Copy each line below exactly as it appears. Pictures are to be omitted.
Top of Supplied material
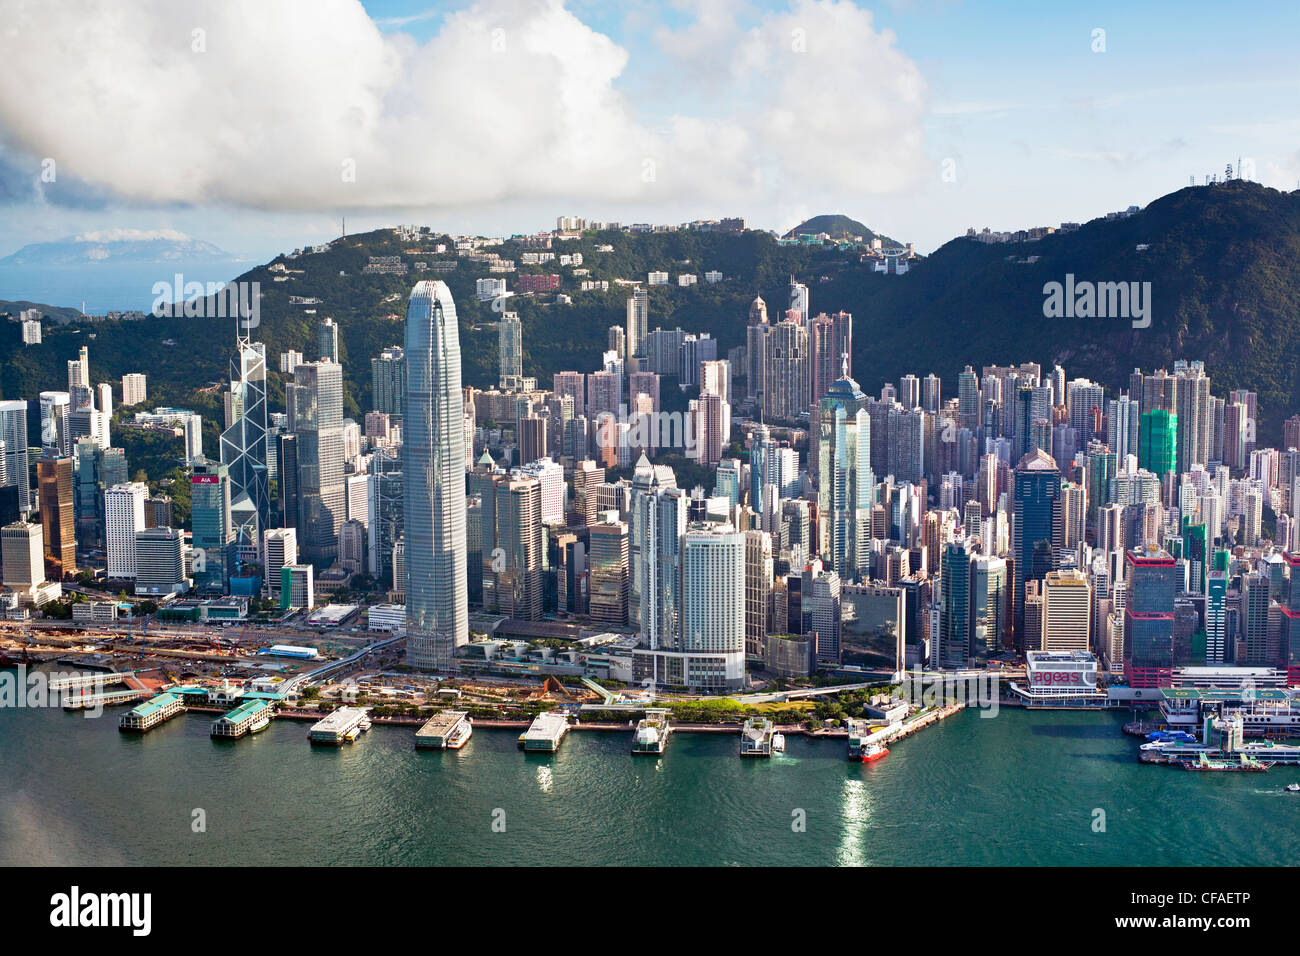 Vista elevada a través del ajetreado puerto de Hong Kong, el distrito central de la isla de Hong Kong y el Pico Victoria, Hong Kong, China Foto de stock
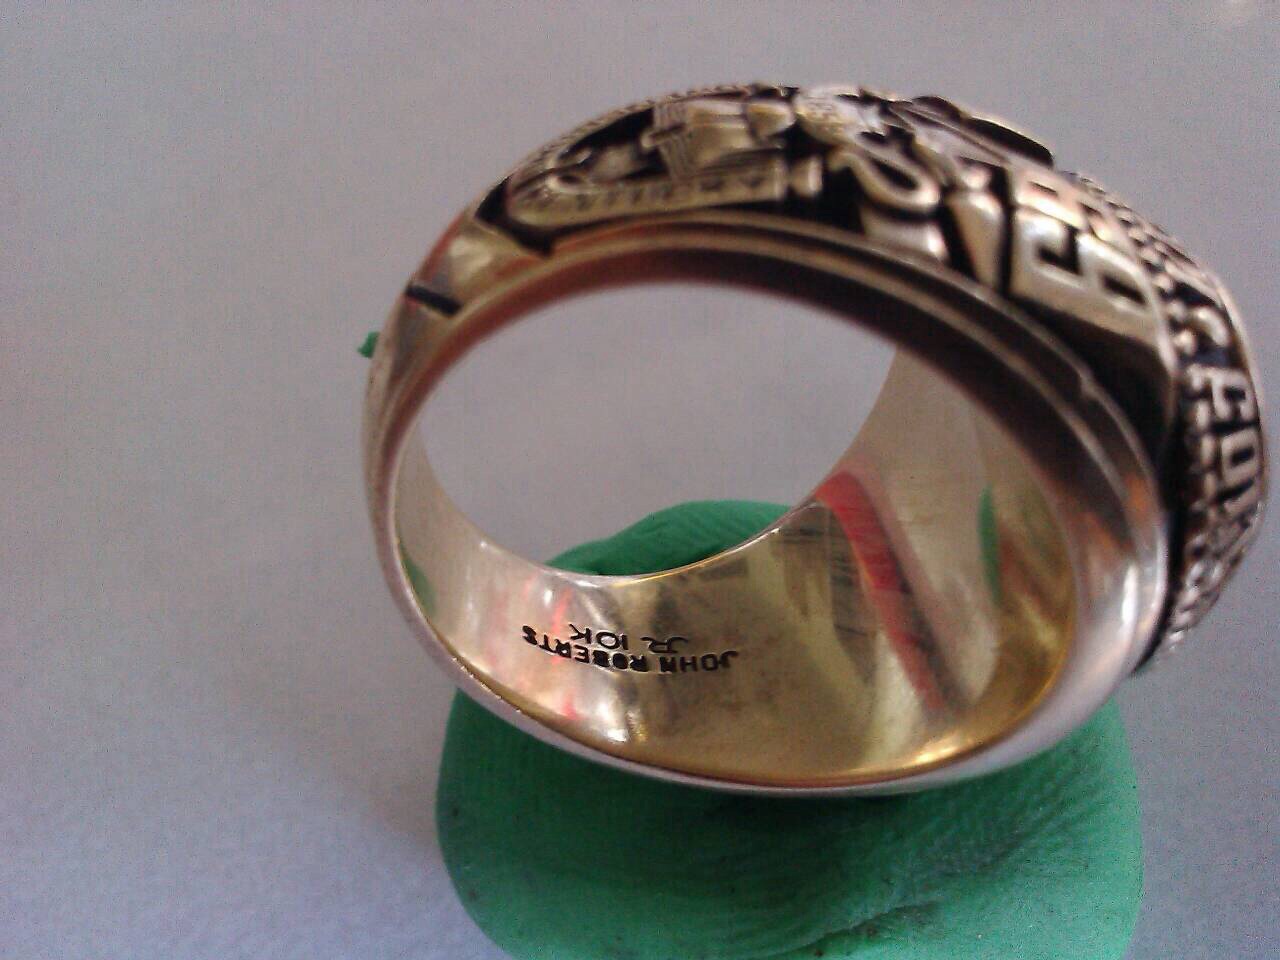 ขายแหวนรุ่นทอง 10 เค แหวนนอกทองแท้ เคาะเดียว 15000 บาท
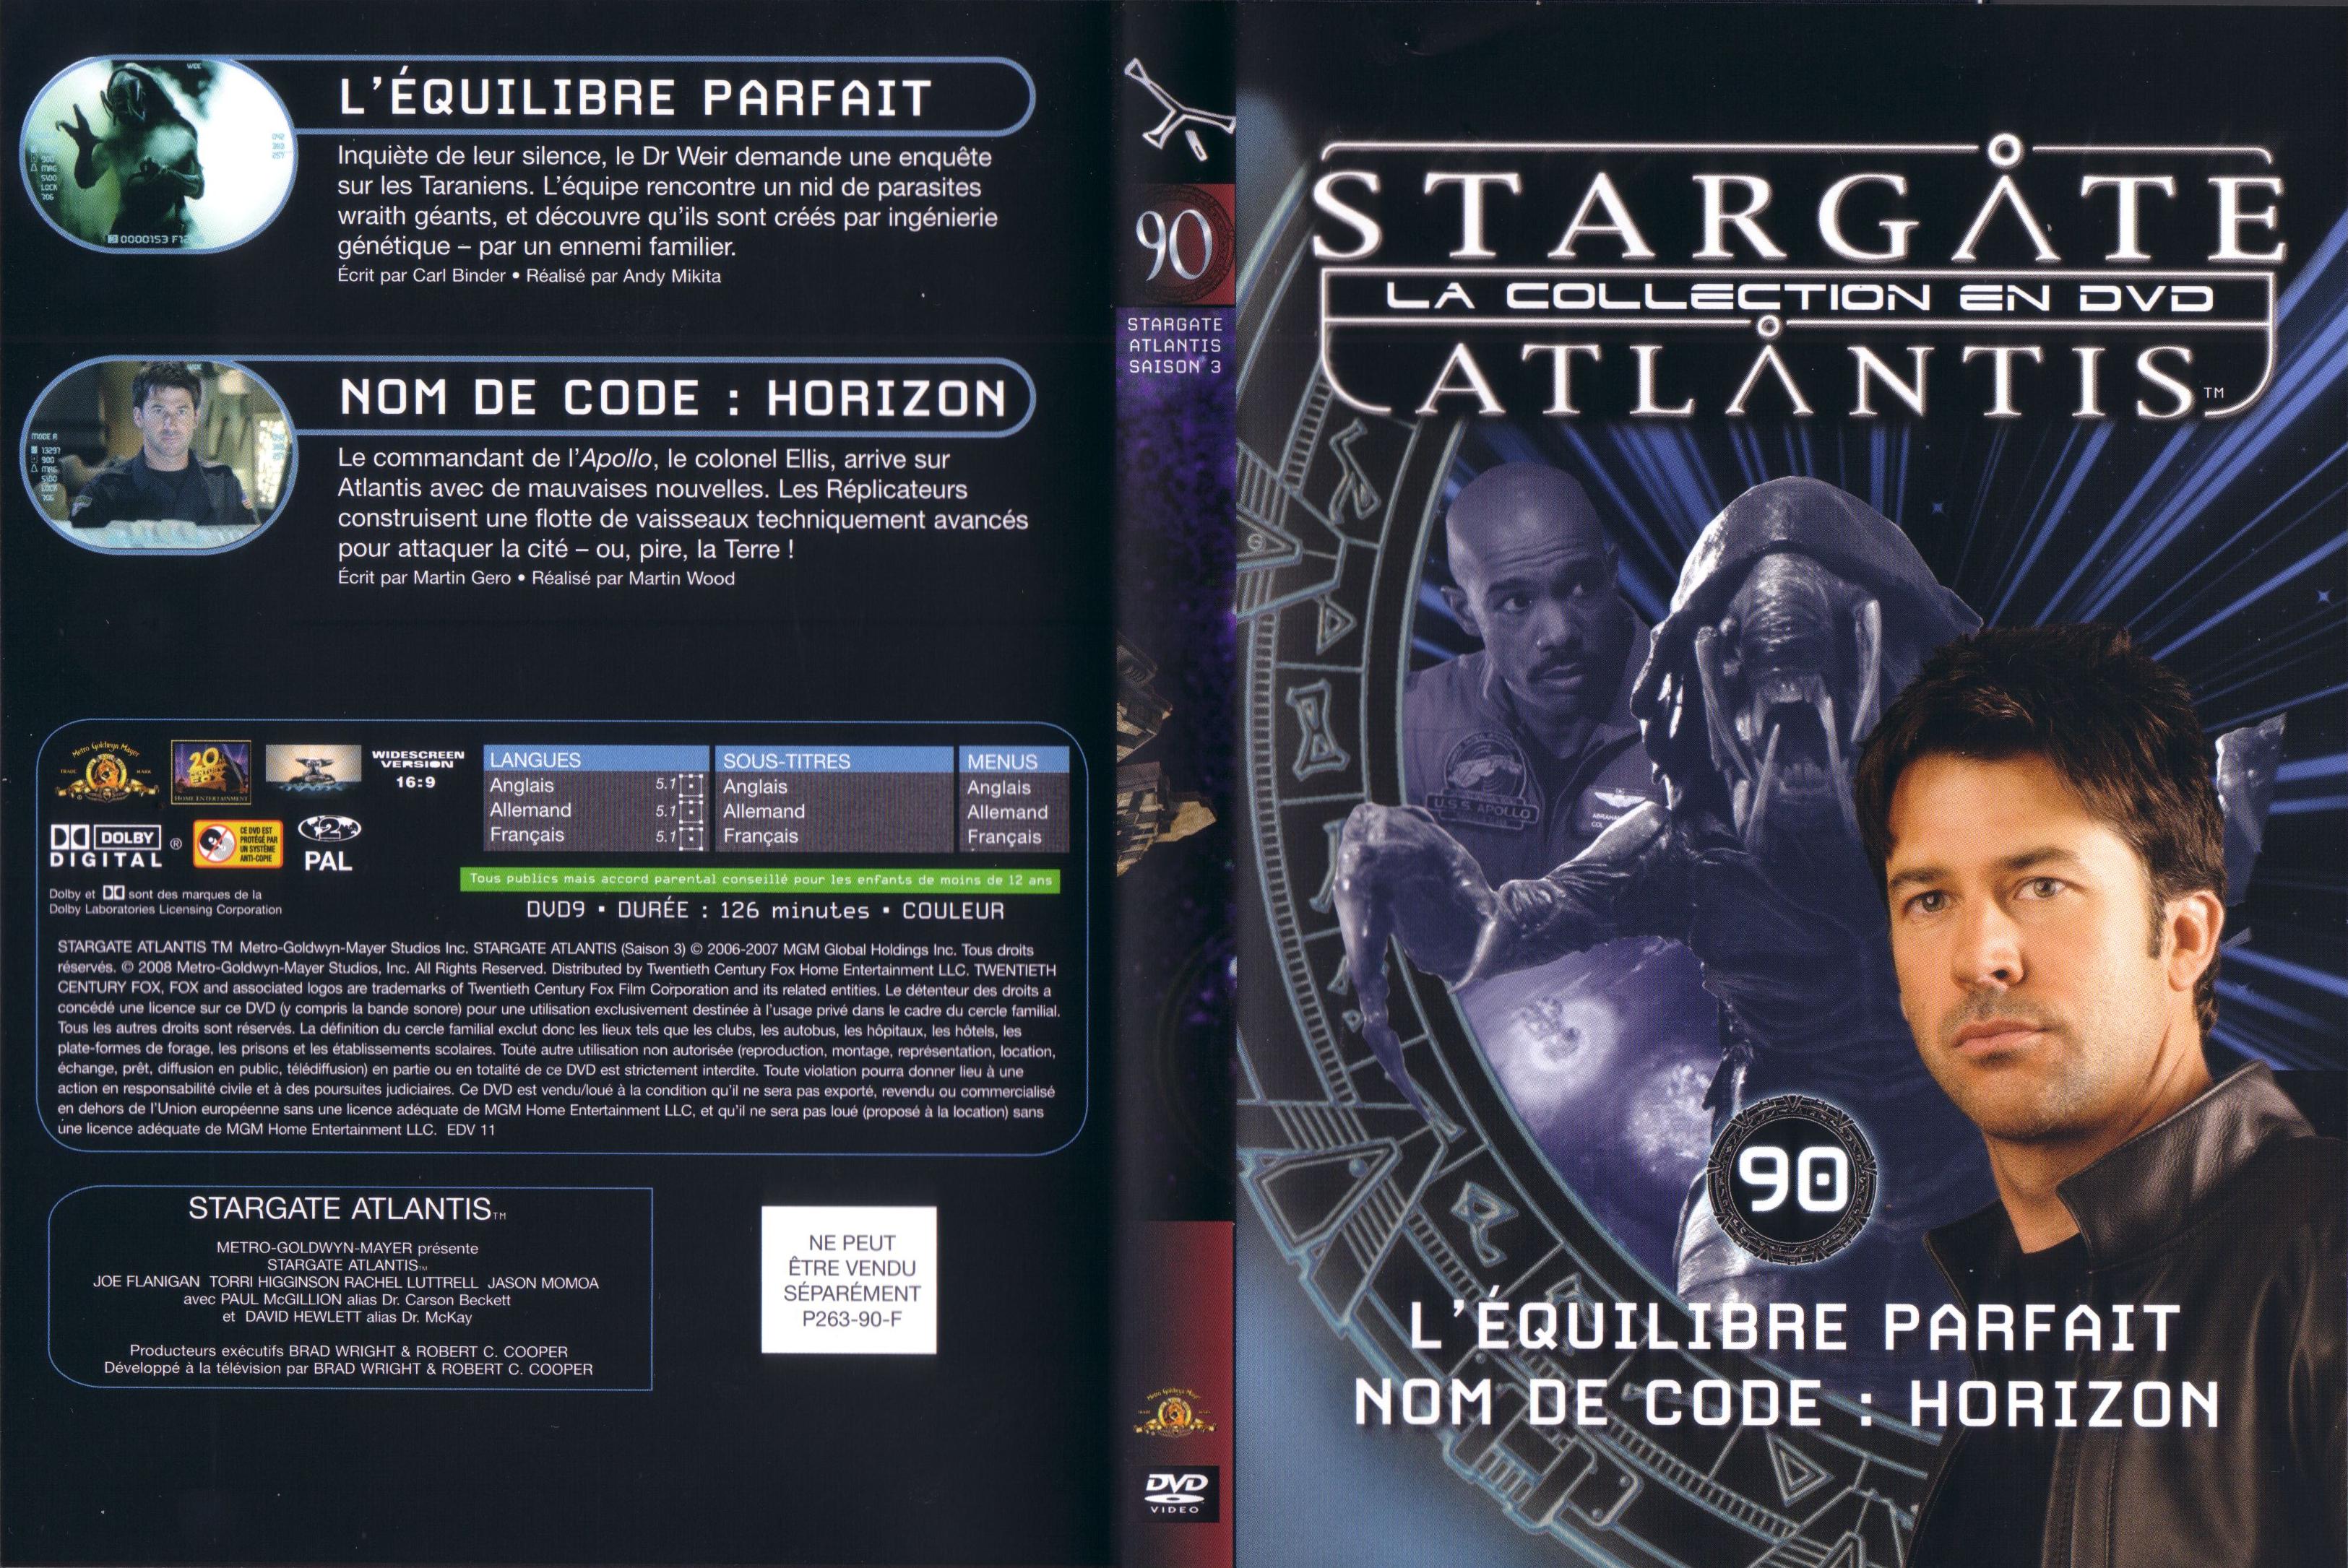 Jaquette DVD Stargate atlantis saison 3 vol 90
Bottom of Supplied material
Answer box:
 Vista elevada a través del ajetreado puerto de Hong Kong, el distrito central de la isla de Hong Kong y el Pico Victoria, Hong Kong, China Foto de stock
 ขายแหวนรุ่นทอง 10 เค แหวนนอกทองแท้ เคาะเดียว 15000 บาท
 Jaquette DVD Stargate atlantis saison 3 vol 90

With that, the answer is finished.